Only in hot O/A/B stars  do you actually see the continuum in low resolution spectra. In G-K stars there are so many lines that they blend together at low resolution to hide the continuum. In these stars you only see any continuum at much higher resolution

for example if you look at the spectrum of Caph (beta Cas/HD432) which is an F2 giant so still quite hot

At  the resolution of the Star Analyser we might expect to get something like this.
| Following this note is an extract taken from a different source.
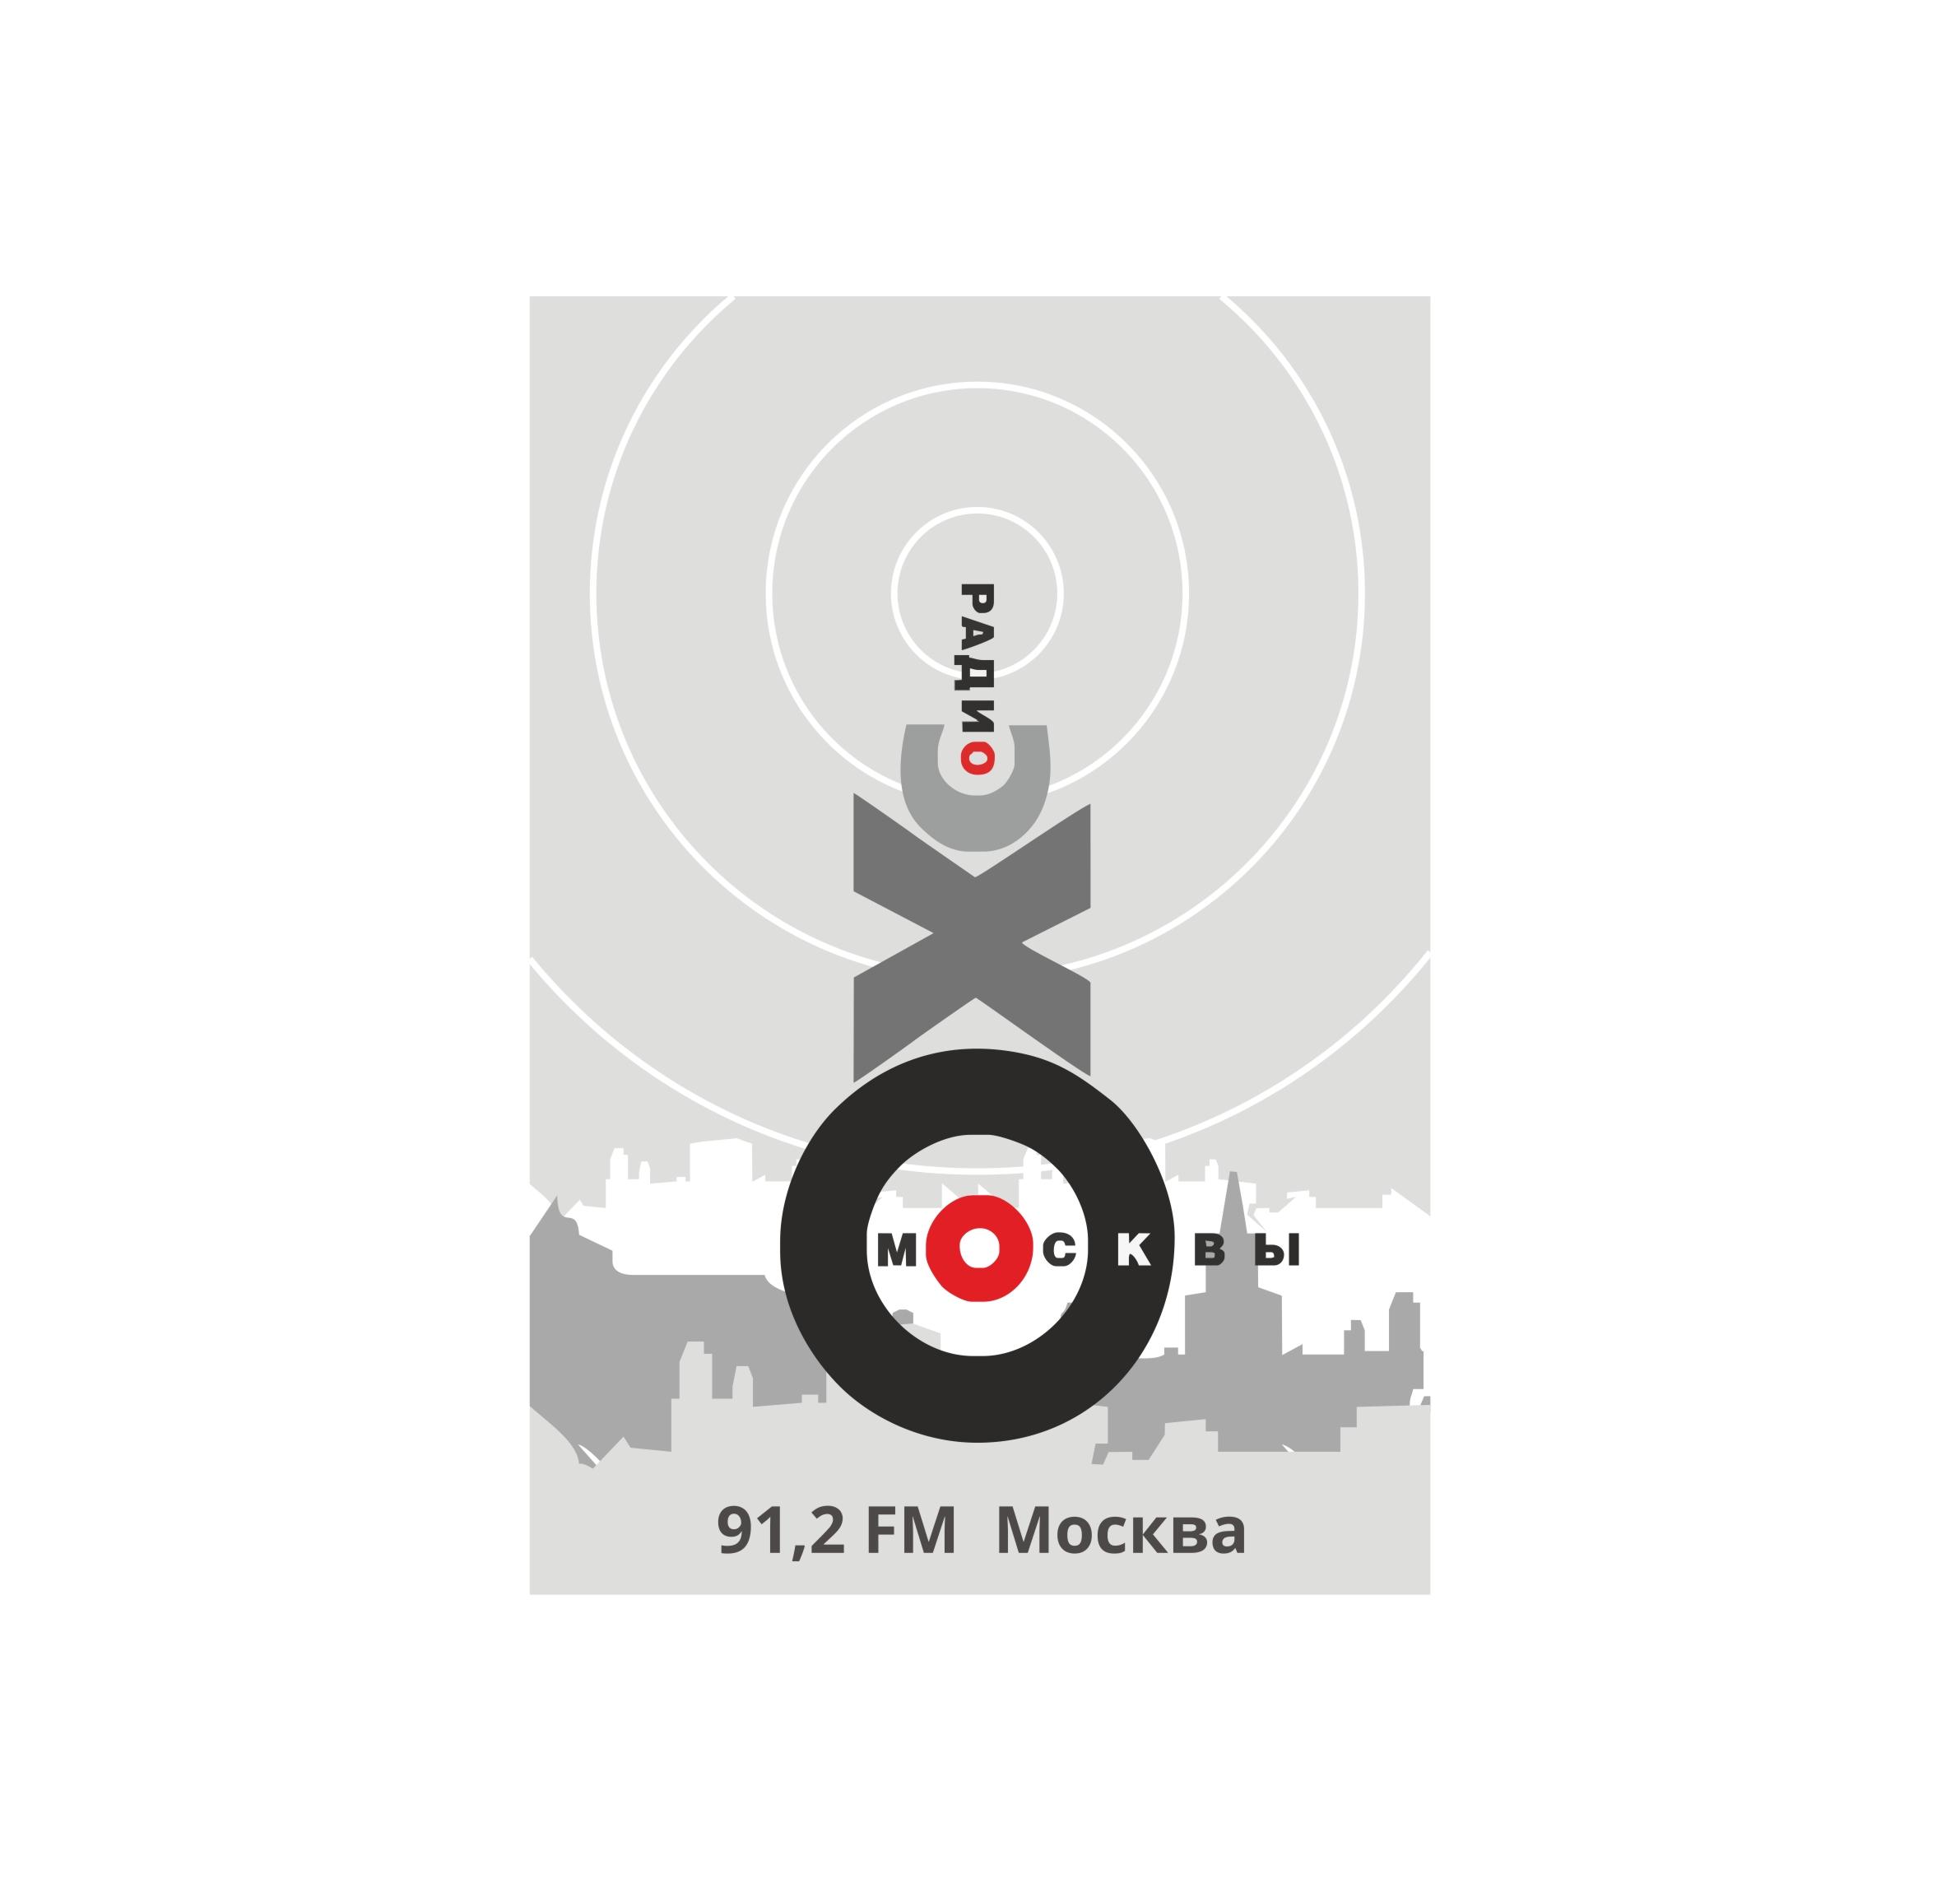 Дизайн логотипа р/с Эхо Москвы. фото f_276562291829c3c8.jpg
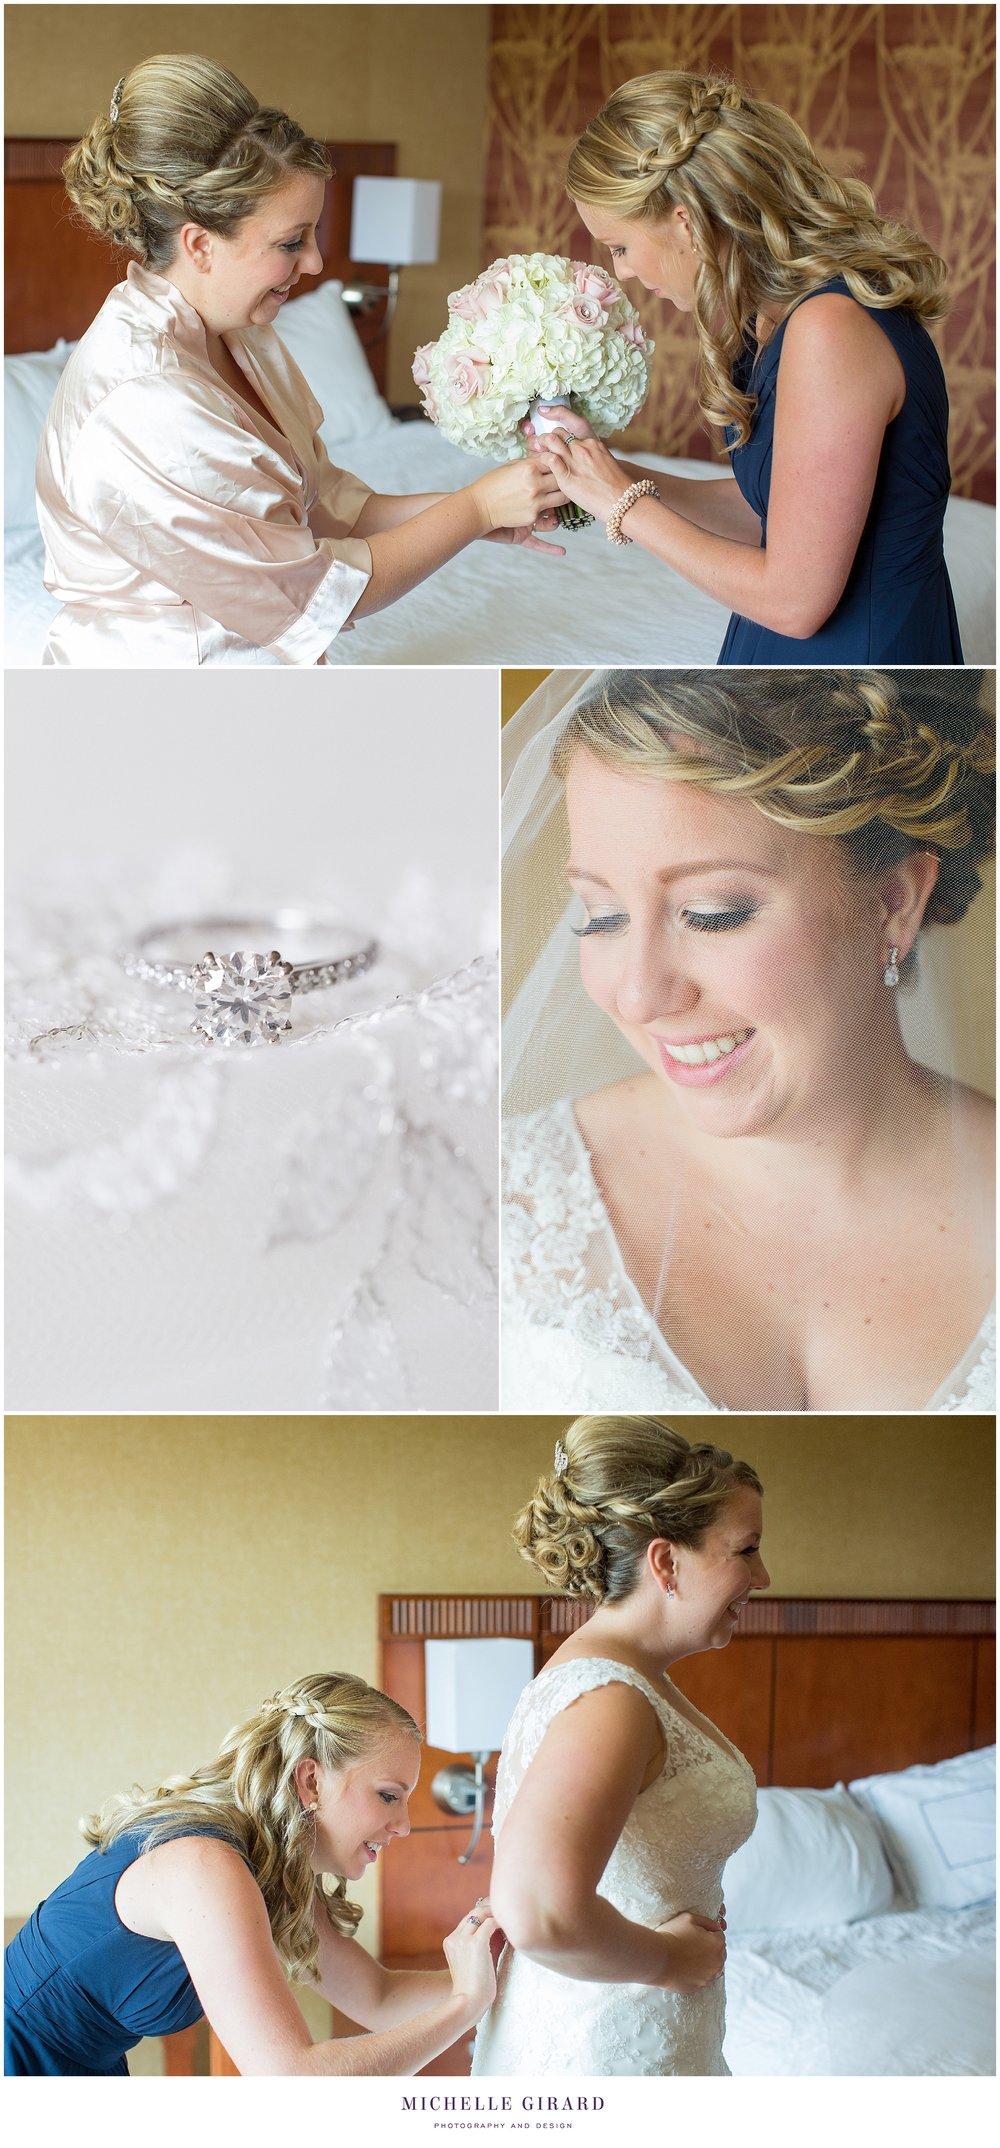 WeddingGettingReadyPhotography_ClassicSummerWedding_MichelleGirardPhotography2.jpg

A relatively simple looking spectrum with mainly Balmer lines and we might think we can estimate where the continuum is reasonably well

betCas_lores.png.c763d3f36a61a922e0209620ba258a24.png

If we look at high resolution though this is what we see

betCas_hires.png.caba2758603b132877be03344af3a2c9.png

and if we zoom in on just 300 angstrom around the H gamma line, we see the true complexity of the spectrum and realise that we just dont see the continuum in the low resolution spectrum (The continuum actually runs along the top  through the points between the absorption lines )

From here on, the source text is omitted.